Chapter 13

149 28 9
                                    

Kemungkinan yang buruk dan indah.

....

Setelah pulang kerja Blue langsung bersih-bersih diri dan setelah makan dia kembali sibuk dengan beberapa laporan kinerja yang dia bawa pulang karena belum sempat terselesaikan. Ketika semuanya rampung dan tiba waktu yang harusnya terpakai untuk istirahat di malam hari, itu terbuang percuma karena permintaan Alcace yang ingin menonton bersama meskipun pria itu tahu dia bukan pencinta film.

Salah satu movie yang rilis bertahun-tahun lalu entah mengapa menjadi tontonan favorit pria tersebut. Ini jarang terjadi, tapi ada saat dimana ketika Blue kembali bermasalah dengan Terra lalu datang ke apartemen Alcace, pria tersebut akan memaksanya menonton, tentu saja film yang sama. Blue sudah bosan sekali tapi Alcace tidak mengindahkan.

Sehingga terkadang Blue tertidur di samping Alcace ketika film baru saja di mulai, atau menahan dongkol sampai kata the end muncul di layar tv.

"Kamu tidak bosan dengan film ini?" Tanya Blue saat Alcace mulai mengatur volume tv ke nada yang pas.

Pria itu hanya menggeleng lalu mengambil tempat di samping Blue.

"Malam pertma saya tinggal disini juga kamu nonton ini Ace, sungguh kamu tidak lelah menontonnya? Saya yakin kamu bahkan sudah hafal adegan sama dialognya."

"Iya, tentu saja." Alcace menjawab santai.

"Saya nyindir kamu Ace."

"Saya tidak merasa tersindir Blue, jadi percuma. Saya suka filmnya, kamu jangan mengomel, kan kamu bisa tidur disini dulu kalau bosan, filmnya selesai baru saya bangunkan kamu nanti."

Mata Blue menatap sinis. "Kalau saya sudah enak tidur rasanya tidak nyaman kalau di bangunkan lagi Ace, kamu mau nonton kan bisa sen--."

"Shhhs sudah mulai, kamu jangan bicara terus." Alcace memotong cepat dia menyelipkan tangannya ke belakang tubuh Blue, menarik gadis itu lebih dekat padanya. "Nontonnya lebih seru seperti ini, filmnya bagus dan suasana mendukung."

"Iya mendukung buat kamu peluk saya begini, saya yang tersiksa." Blue menyahut ketus dan hanya di balas Alcace dengan tatapan yang menyipit karena senyuman geli.

Blue mendecak kesal dan akhirnya pasrah juga, dia memilih memperbaiki posisi duduk lebih nyaman lalu menyandarkan kepalanya ke dada Alcace, tangannya pun kini melingkar di perut pria tersebut.

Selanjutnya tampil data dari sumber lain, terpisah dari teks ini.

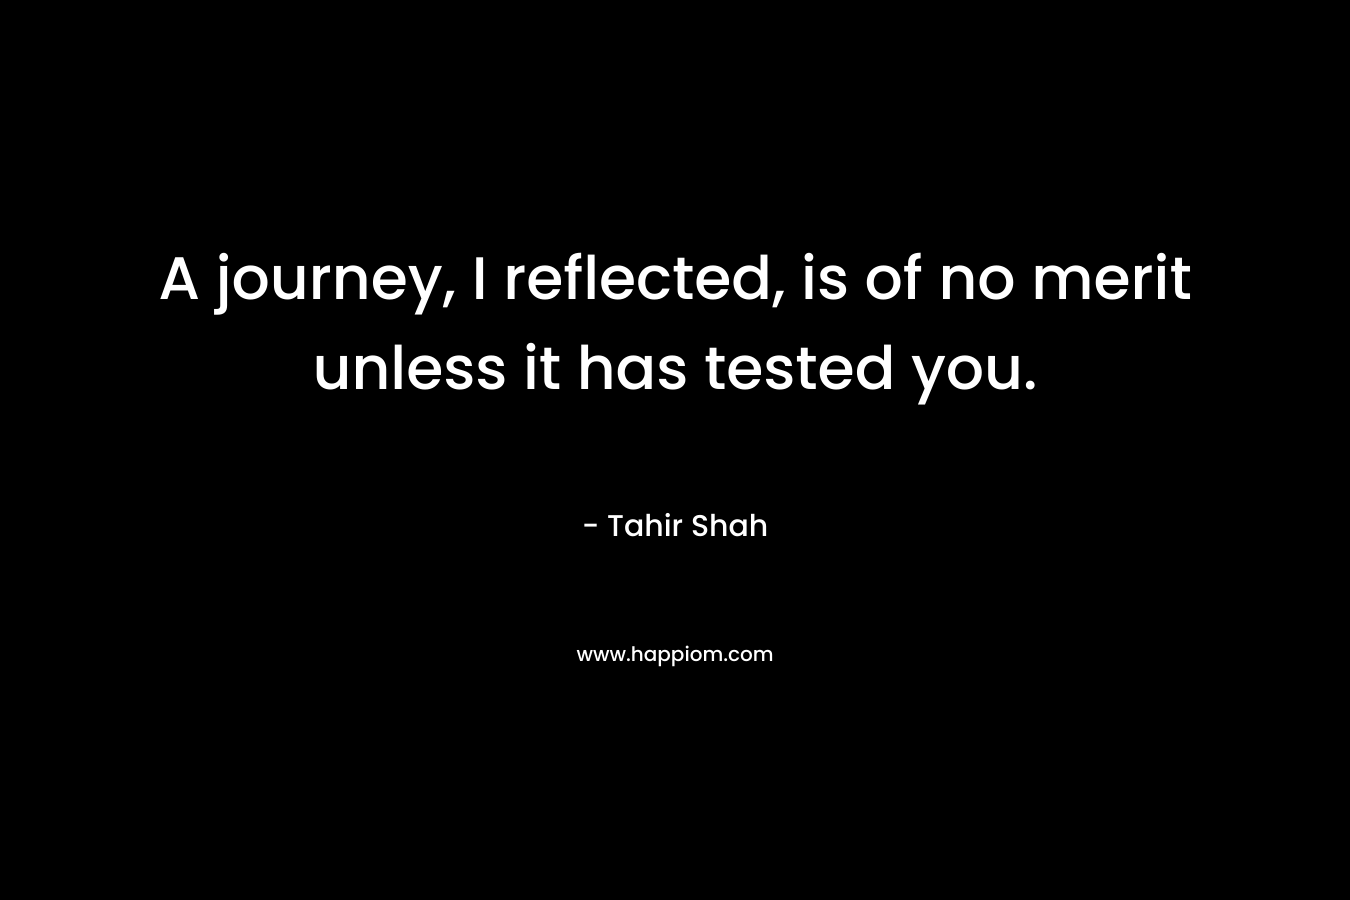 A journey, I reflected, is of no merit unless it has tested you. – Tahir Shah

"Sungguh, saya penasaran kenapa kamu sangat suka film ini?"

"Alur filmnya cukup mungkin bisa terjadi di dunia nyata, di sisi lain saya merasa lega film ini hanya fiksi. Mungkin dengan memikirkan itu, saya mencoba menghibur diri jika memang ada hal yang sangat bisa terjadi meskipun itu tidak di harapkan, saya hanya harus menerimanya."

"Dan apa hubungannya dengan film ini? Sebuah film di buat dengan alasan untuk menghibur, meskipun tentu saja ada alasan lain yang bersifat filosofis atau membangun."

Kalimat Blue disambut Alcace dengan tawa kecil yang tak tertahan dan gadis itu hanya mengedikkan bahu tidak merasakan kelucuan ucapannya.

Blue menyipitkan matanya. "Tapi film yang kamu tonton ini lumayan jauh dari filosofis atau semacamnya. Kenapa menjadi dasar dari pikiranmu itu?" Tanyanya lagi.

Alcace menarik tanganya dari Blue lalu merenggangkan badan, dia melipat kedua tangannya di perut laku berdehem. "Hmmm... seperti yang saya bilang, di satu sisi kisah film ini bisa menjadi nyata. Jika saya tidak bisa bersama kamu sampai seterusnya saya hanya harus bertahan dan menerimanya. Saya menonton ini untuk melatih diri cara merelakan keadaan jika kita memang harus berpisah nanti."